Maurizio Belpietro e Antonio Rossitto svelano tutti i segreti e i voltafaccia della sua irresistibile carriera in Giuseppe Conte. Il trasformista, edito da Piemme, da oggi in libreria. Dalla vicinanza al Vaticano alle trame internazionali ordite per la rielezione, e così far fuori Matteo Salvini, fino ai rapporti con i servizi segreti e gli 007 americani.
E poi gli incroci accademici e lavorativi con il suo mentore, il potentissimo Guido Alpa, che non ha mai lesinato complimenti al suo allievo Giuseppi, il camaleontico premier per caso ma adesso pronto a tutto. E proprio sui rapporti Conte-Alpa La Verità pubblica uno stralcio dal capitolo intitolato «Lo smemorato di Volturara Appula». Un lungo colloquio con il presidente del Consiglio che, come molti narcisi, parla spesso di sé in terza persona, sfoderando massicce dosi di sicumera, fiducia e autostima. Perché gni gesto e parola di Conte tracimano vanità.
Scusate, ma il signorino qui aveva detto alle tre» È il primo pomeriggio del 27 novembre 2019. Giuseppe Conte entra sornione nella saletta di Palazzo Chigi indicando Rocco Casalino, il suo portavoce. «Ho 15 minuti di ritardo e mi scuso» dice mentre prepara calorose strette di mano. Il premier è stato di parola. Come promesso, ci ha concesso l' intervista. Certo, forse sperava in un colloquio più informale. Quando intuisce che perfino le sue prime parole sono finite in un memo vocale, sembra sbigottito: «Ma che fa, registrate pure i saluti? Questa è deformazione professionale. E che diamine!». Si alza di scatto e afferra lo smartphone, appoggiato sul tavolino: «Ecco, siamo qui con il presidente del Consiglio che s' è appena scusato per il ritardo» scandisce nel microfono con intonazione da telecronista.
Il siparietto distende gli animi. Casalino sorride. Accanto a lui, c' è il segretario particolare di Conte. Si chiama Andrea Benvenuti ed è un dottorando di diritto privato a Firenze. Nonostante il delicatissimo ruolo che riveste, ha appena 27 anni.

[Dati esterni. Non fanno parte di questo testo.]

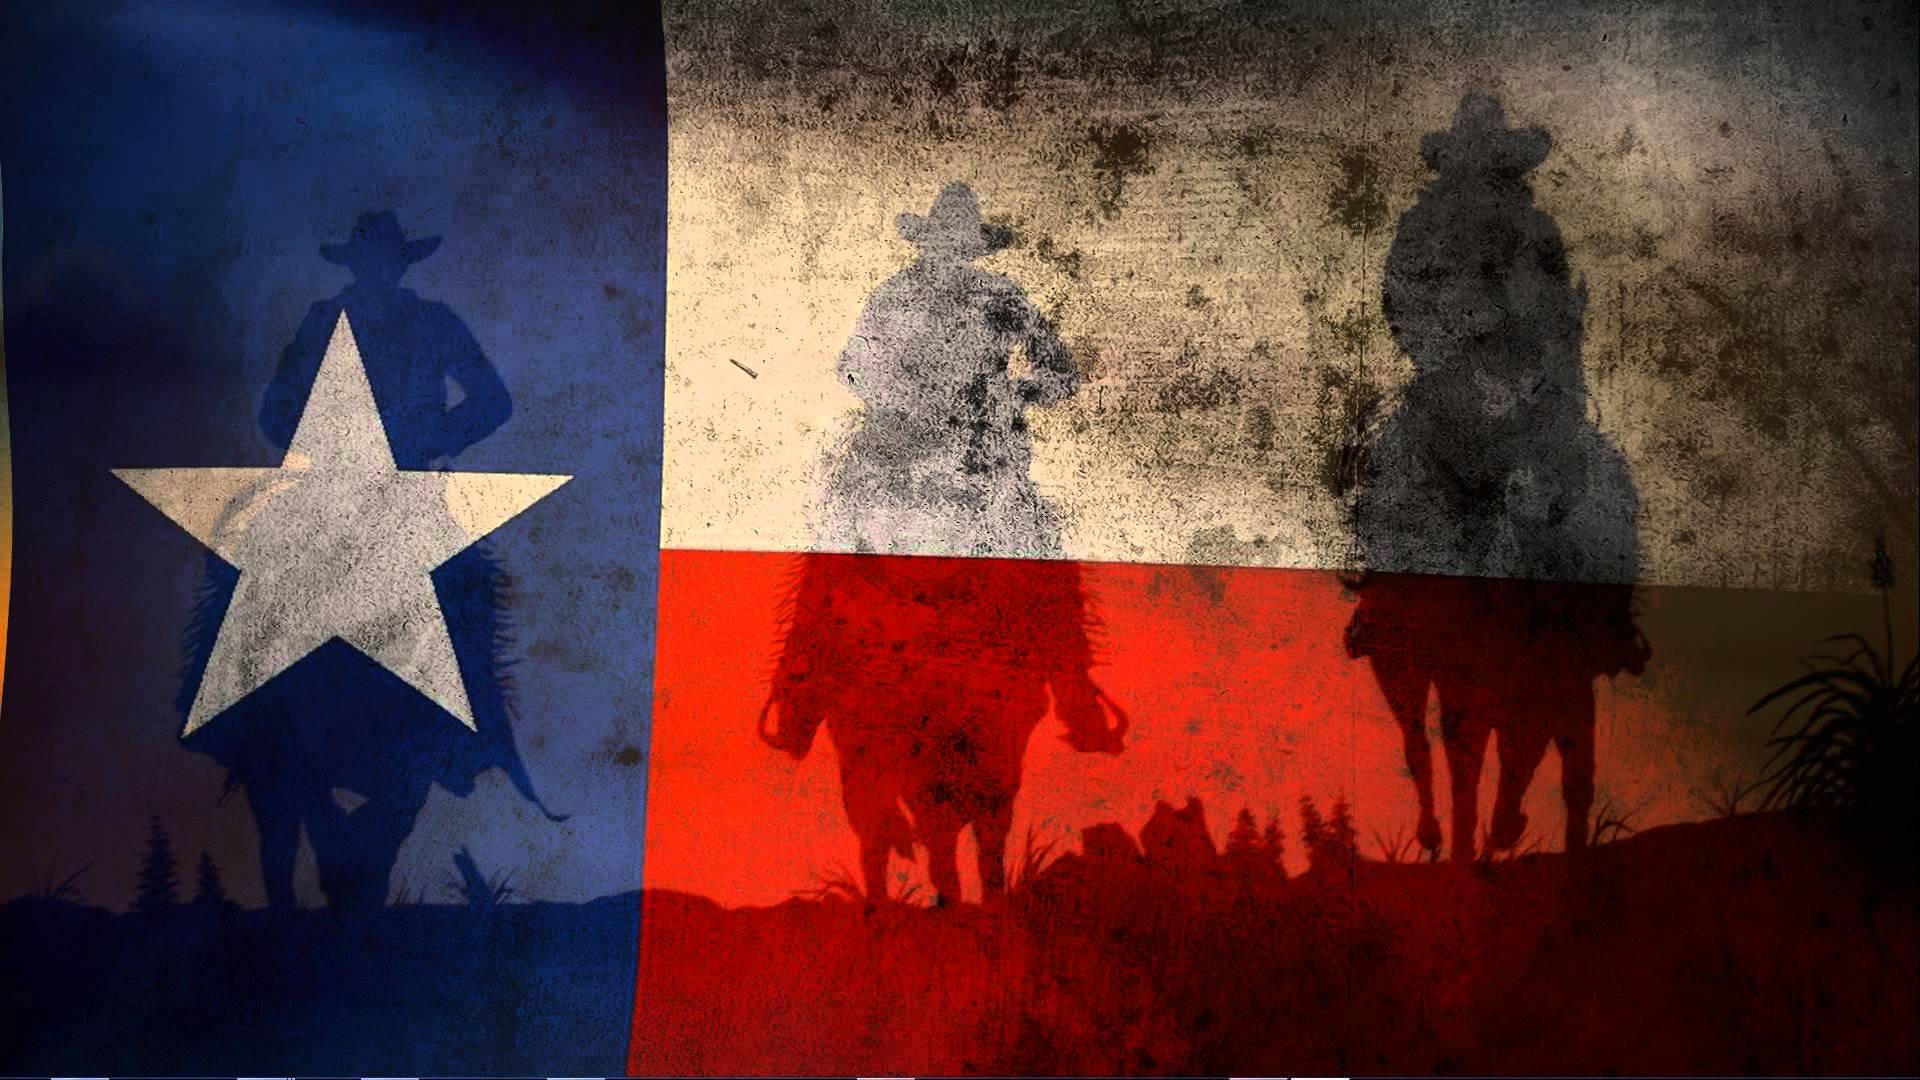 Texas flag & Yellow Rose of Texas/Eyes of Texas by Elvis Presley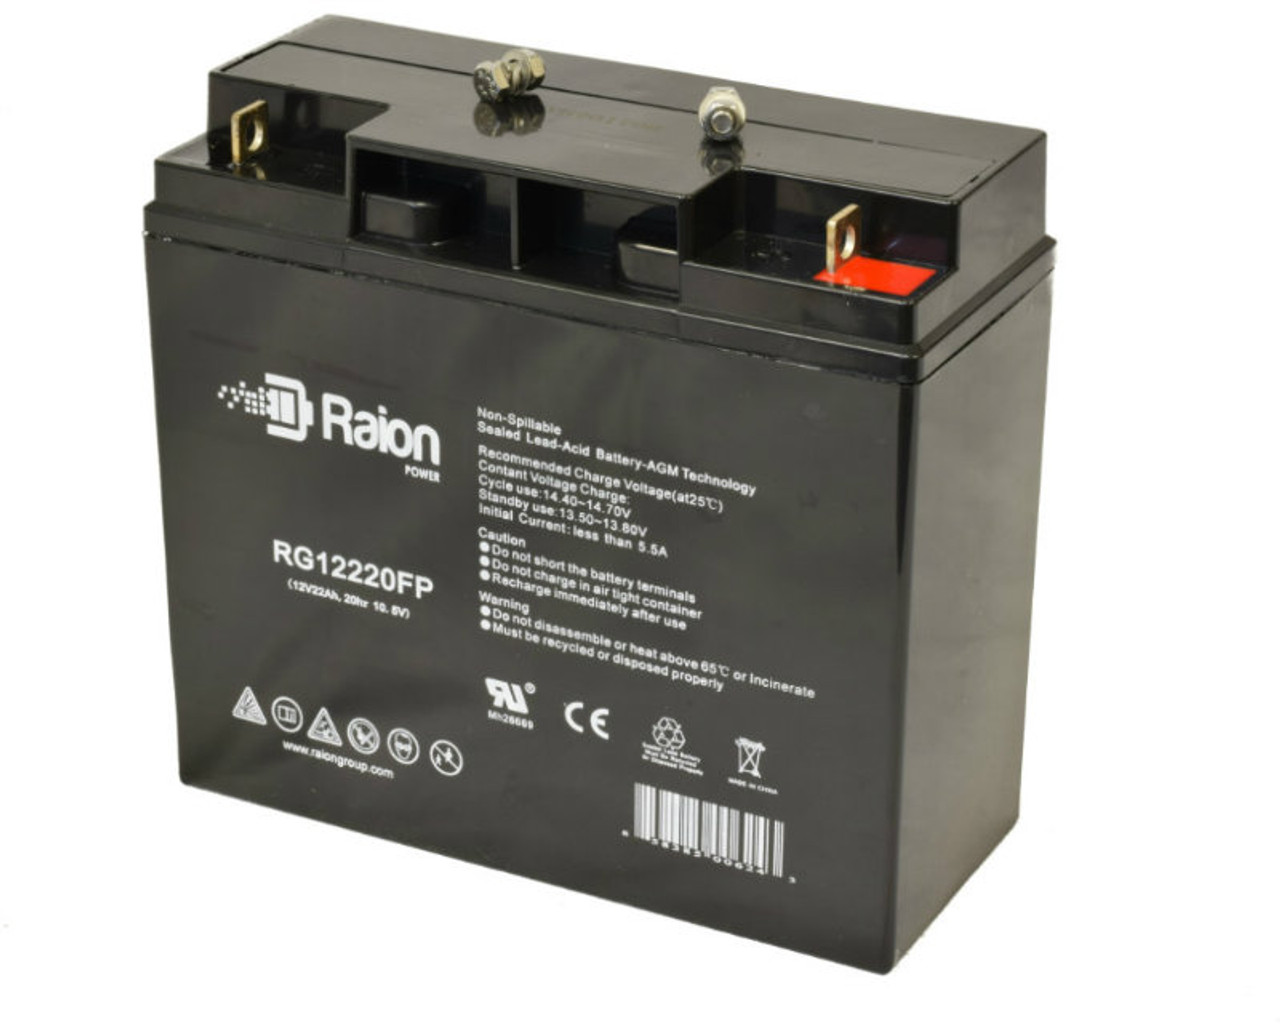 Raion Power RG12220FP 12V 22Ah Lead Acid Battery for Cal-Van Tools DXL-557 Allstart Pro Series Jump Starter

È cordiale, alto e segaligno. È stato lui a intrattenerci amabilmente durante l' anticamera. Incuriositi dalla sua giovane età, per ingannare l' attesa gli abbiamo chiesto dei suoi trascorsi: «Lavoravo nel famoso studio Alpa in piazza Cairoli» ci ha rivelato dopo qualche esitazione. Insomma, l' assistente più fidato del premier era un altrettanto fidato collaboratore del suo onnipresente mentore.
Tutte le strade di Conte portano ad Alpa? Sarà questo, ovviamente, uno degli argomenti principali dell' intervista. Ma prima, da vero gentiluomo, il primo ministro non dimentica i convenevoli. Come molti narcisi, parla spesso di sé in terza persona: «Il direttore Belpietro è stato il primo giornalista a incontrare il presidente del Consiglio» riferisce a portavoce e segretario particolare. Così comincia a ripercorrere il fortuito incontro nella stazione ferroviaria di Firenze, il giorno della sua nomina a capo del governo. «Adesso i giornali non li leggo più» informa. Gli facciamo notare che dicevano lo stesso anche Silvio Berlusconi e Margaret Thatcher, «per evitare dispiaceri».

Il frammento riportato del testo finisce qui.